Here’s my function that does the hard work:

```
def look_and_say(data: str) -> str:
""" Perform a single look_and_say iteration
Args:
data (str): The input string, which is a seequence of numbers
Returns:
str: The resulting look-and-say string
"""
digit_counts = [] # store each count as a (count, digit) tuple, e.g. [(3, 1), (2, 2), (1, 1)]
digit_count = 0
prev_digit = None
for digit in data:
if (prev_digit and digit != prev_digit):
# if this digit is different to last digit, store the count of the last digit, and reset the count
digit_counts.append([digit_count, prev_digit])
digit_count = 0
digit_count += 1
prev_digit = digit
digit_counts.append([digit_count, prev_digit])
return "".join(str(count) + str(digit) for count, digit in digit_counts)
```

It’s pretty simple. It takes a sequence of numeric digits (as a `str`

), and outputs the next sequence.

- It iterates through each digit in the sequence.
- If we’ve just read a digit that is different to the previous digit, then:
- We’ve completed our preceding block of 1 or more identical digits.
- Store, in a tuple:
`(count, digit)`

- If the current digit is the same as a the previous digit, increment our counter for this block of identical digits.

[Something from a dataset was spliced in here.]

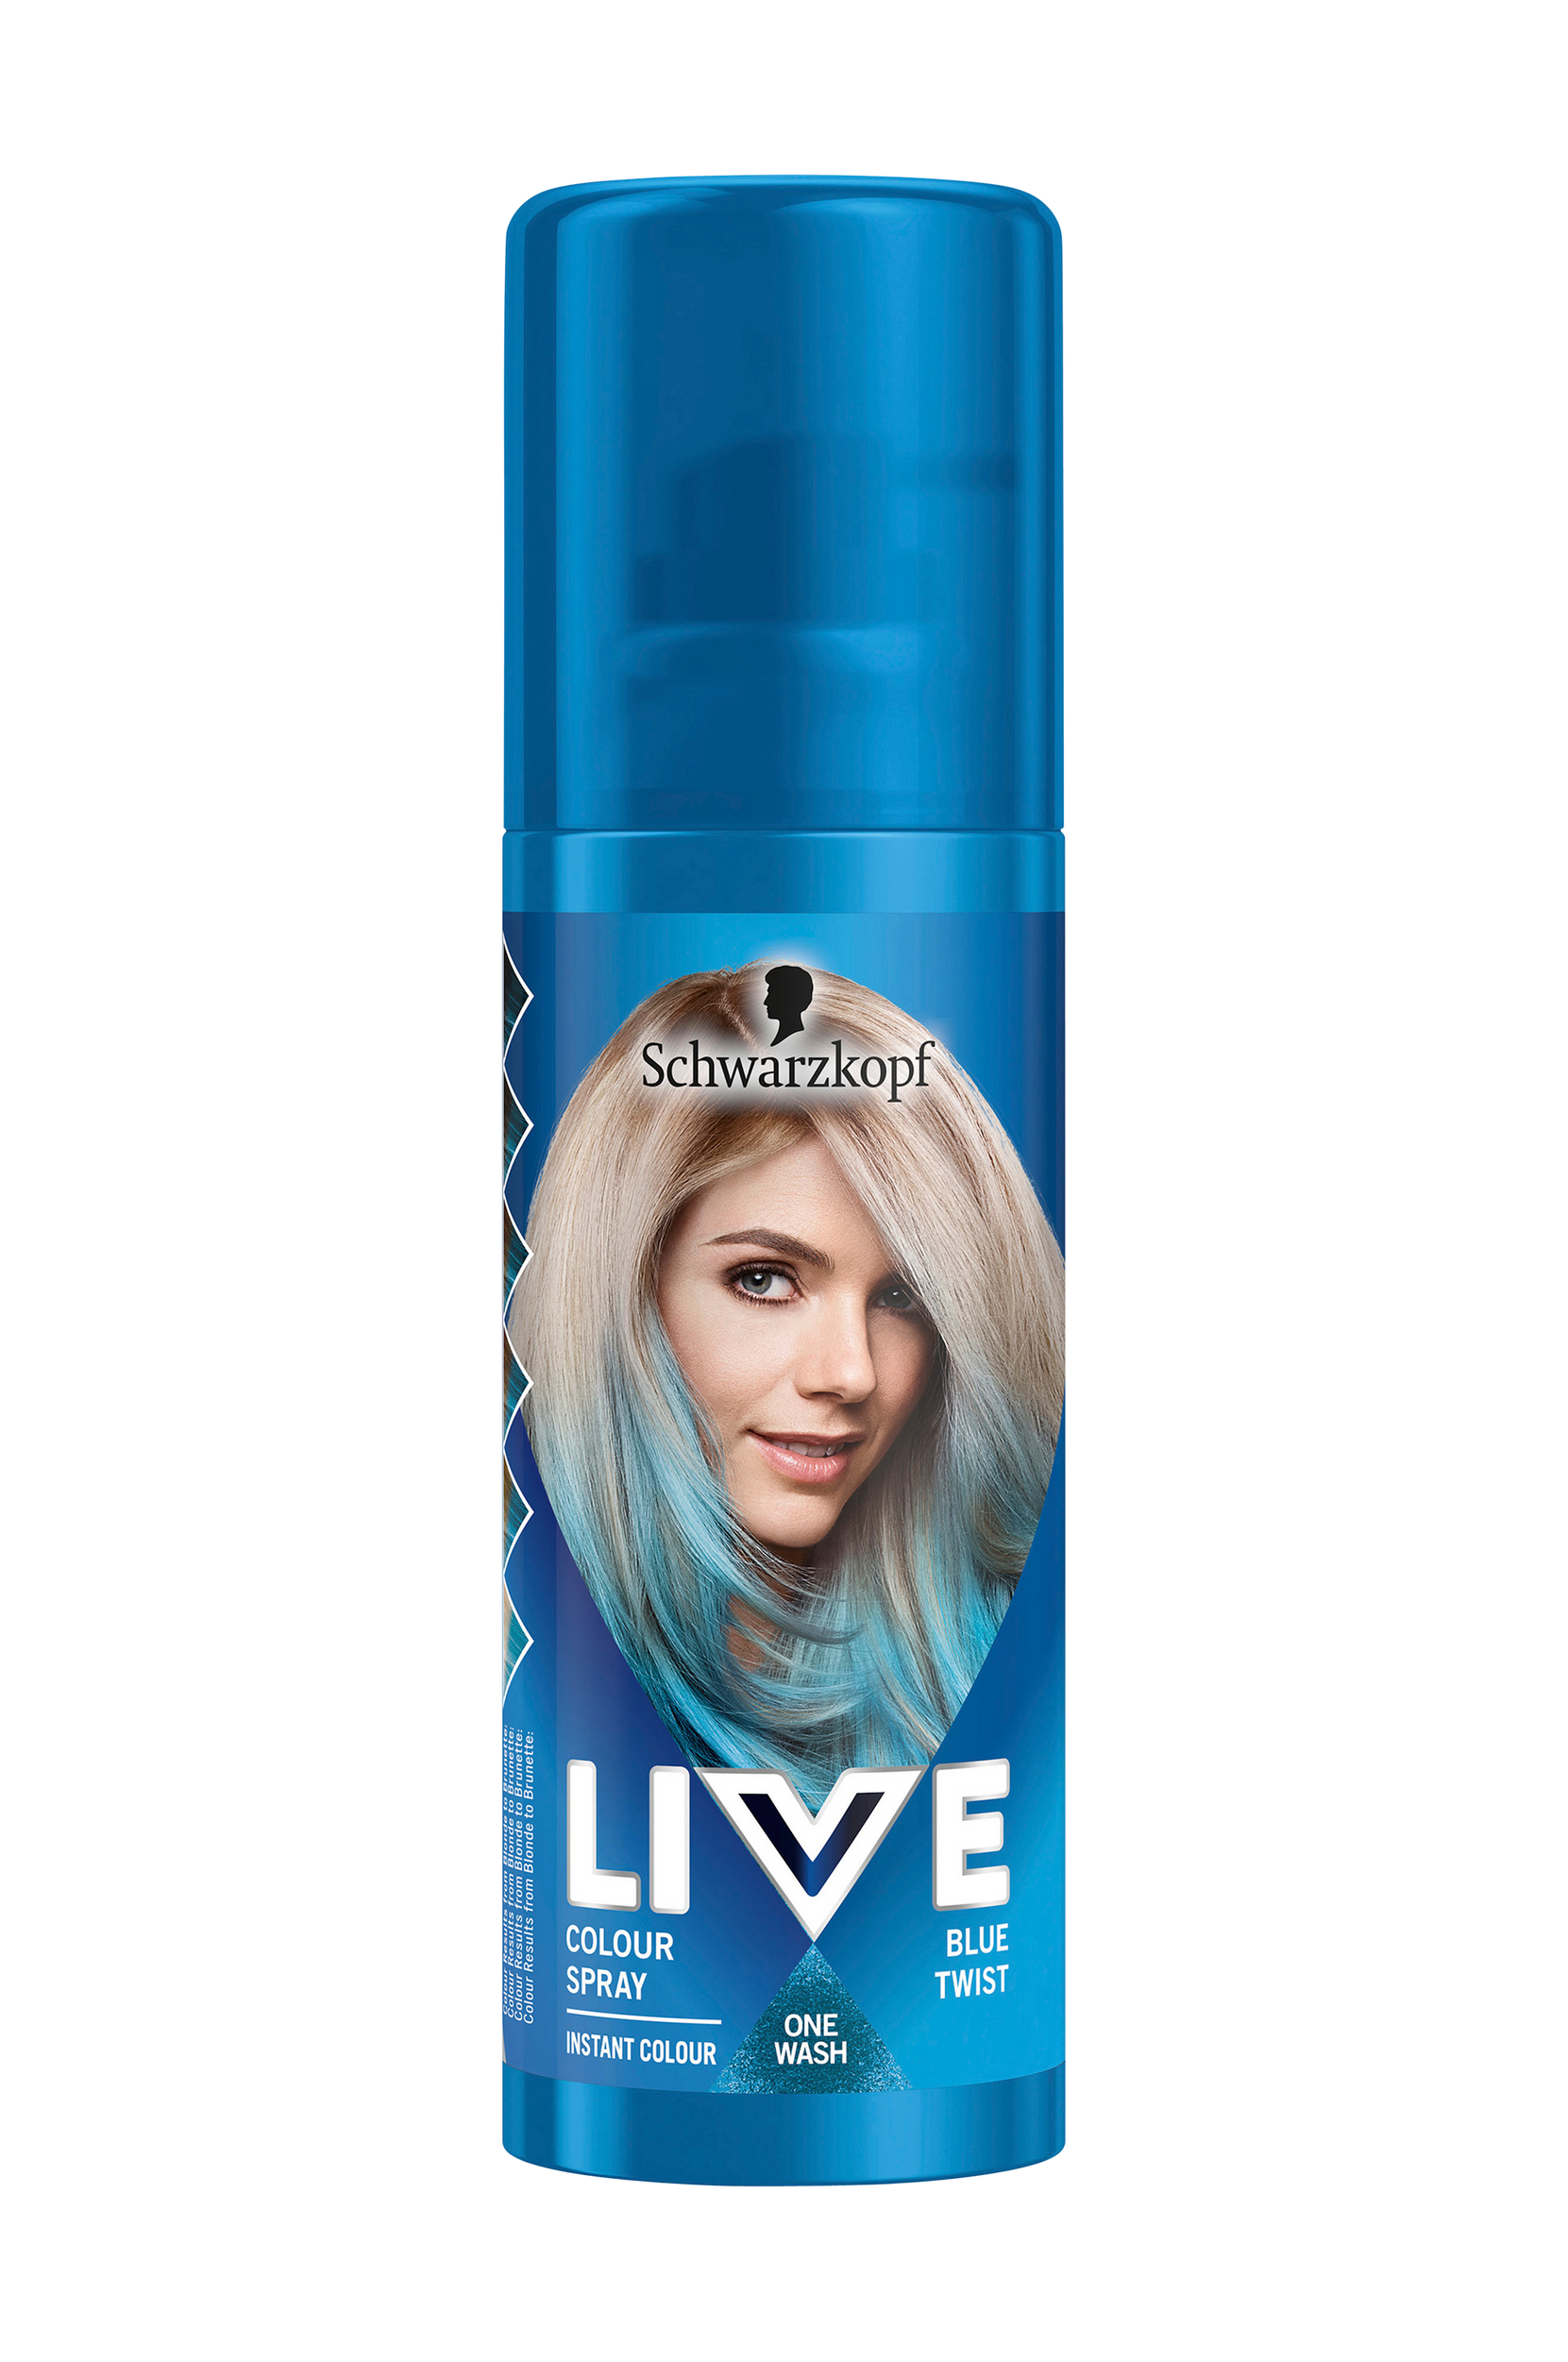 LIVE Color Spray 120 ml, Schwarzkopf

Finally, when we exit the loop, we use `"".join()`

along with a list comprehension, to assemble our new digit sequence from all the `(count, digit)`

pairs that we have in our list.

Finally, we want to run this function for the required number of iterations:

```
ITERATIONS = 40
def main():
input_file = os.path.join(SCRIPT_DIR, INPUT_FILE)
with open(input_file, mode="rt") as f:
data = f.read()
print(f"Input data: {data}")
for _ in range(ITERATIONS):
data = look_and_say(data)
print(f"After {ITERATIONS} iterations, length of result is {len(data)}")
```

Easy!

**We’re asked to now perform 50 iterations, and then determine the final output length.**

We don’t need to change anything except the value of the `ITERATIONS`

constant!

My output looks like this:

```
Input data: 1321131112
After 50 iterations, length of result is 6989950
Execution time: 8.8330 seconds
```

So, it runs in just under 9 seconds. We can probably do better, but this is good enough.